Your most notable feat may have been a nearly perfect chapter describing how the Pinkertons illegally brought Haywood, Pettibone and Moyer from Colorado to Idaho to face justice. Because of your research and prose, I was on that train as the Pinkertons kidnapped the alleged co-conspirators.
It is difficult for me to review or recap or even describe an 850 page book (with nearly 90 pages of notes, indices and acknowledgments) in just 850 words. This book was a challenge for me to read. I would make the joke that it nearly killed me, but that’s probably not funny to you. This book did kill you. Which is why I stuck with it, even though at points, I was frustrated with its length and intensity. But I felt like you, author of one of my favorite books of all time, deserved it.

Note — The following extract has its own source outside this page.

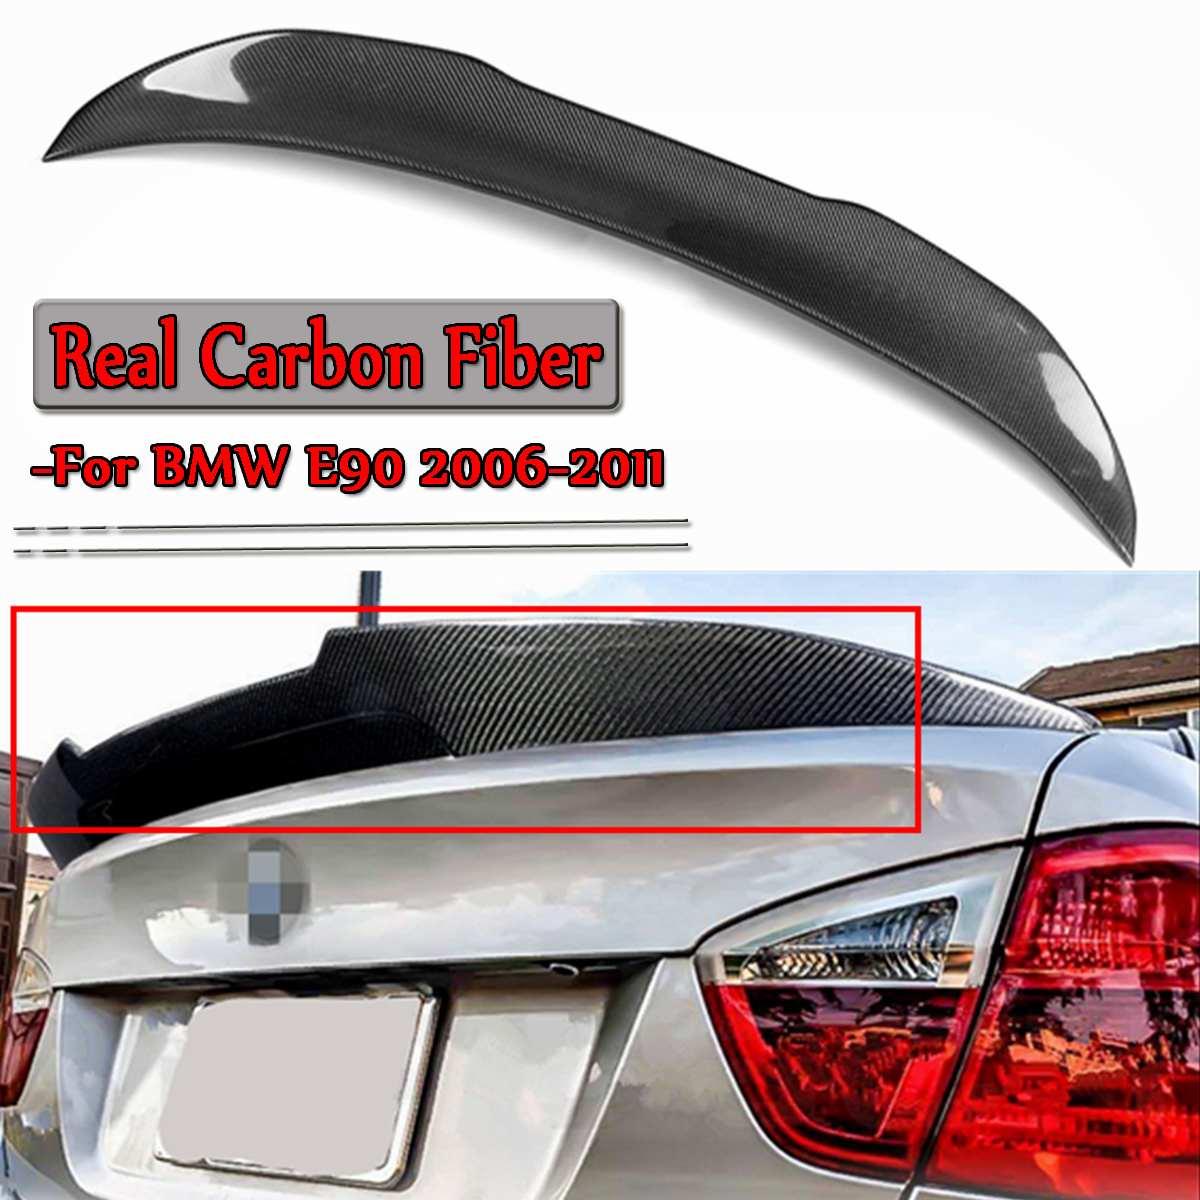 New E90 Real Carbon Fiber Car Rear Trunk Spoiler Wing For BMW E90 3 Series M3 4 Door Sedan 2006-2011 Racing Spoiler WingNew E90 Real Carbon Fiber Car Rear Trunk Spoiler Wing For BMW E90 3 Series M3 4 Door Sedan 2006-2011 Racing Spoiler Wing
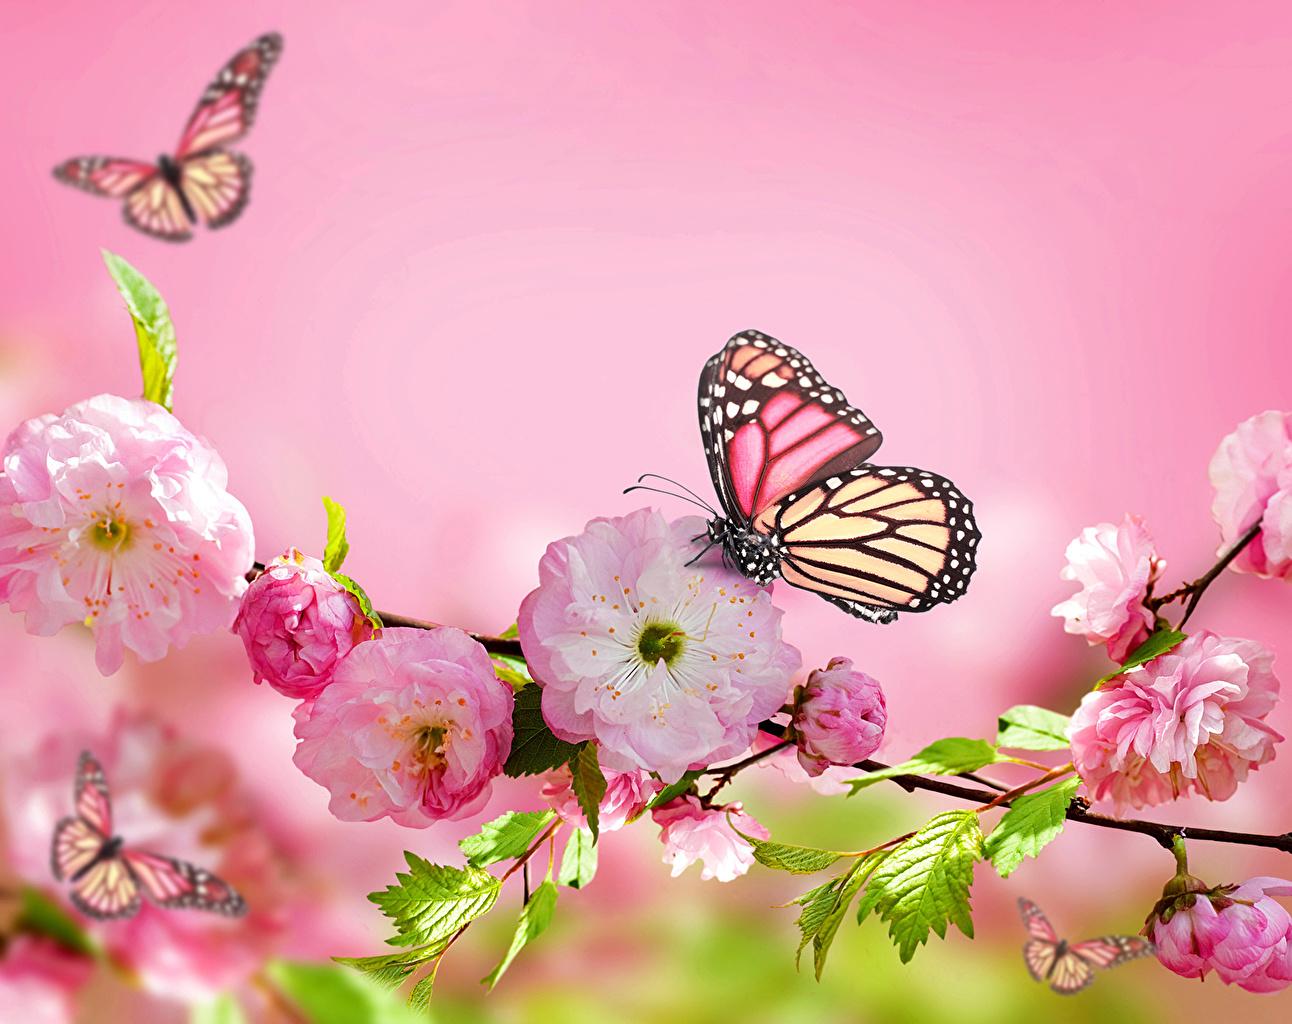 Фото Данаида монарх Бабочки цветок Цветущие деревья бабочка Цветы

I feel the need to tell my readers about your other book too. It probably deserves its own post, and maybe I’ll do that someday. “Common Ground” was about the Boston busing crisis and it is told through the eyes of three very different families. Not only does it contain impeccable research, it is an emotional tale of a time period that often doesn’t seem too far off from today. I recommend it to anyone who works for a city (you know who you are) or who cares at all about cities, race and class relations, and education (the rest of you).
I’m going to recommend “Big Trouble” to only those who are very serious about history. It’s definitely dry at points. There are going to be places where you wonder why you are reading about something seemingly unrelated to the original story. Behind all of that, though, is a story that was crucial to our country’s history. Mr. Lukas, you must have known what an accomplishment this book was, even if you didn’t let yourself believe it at the end. This book was a stunning achievement and I’m glad I gave you two months of my reading time.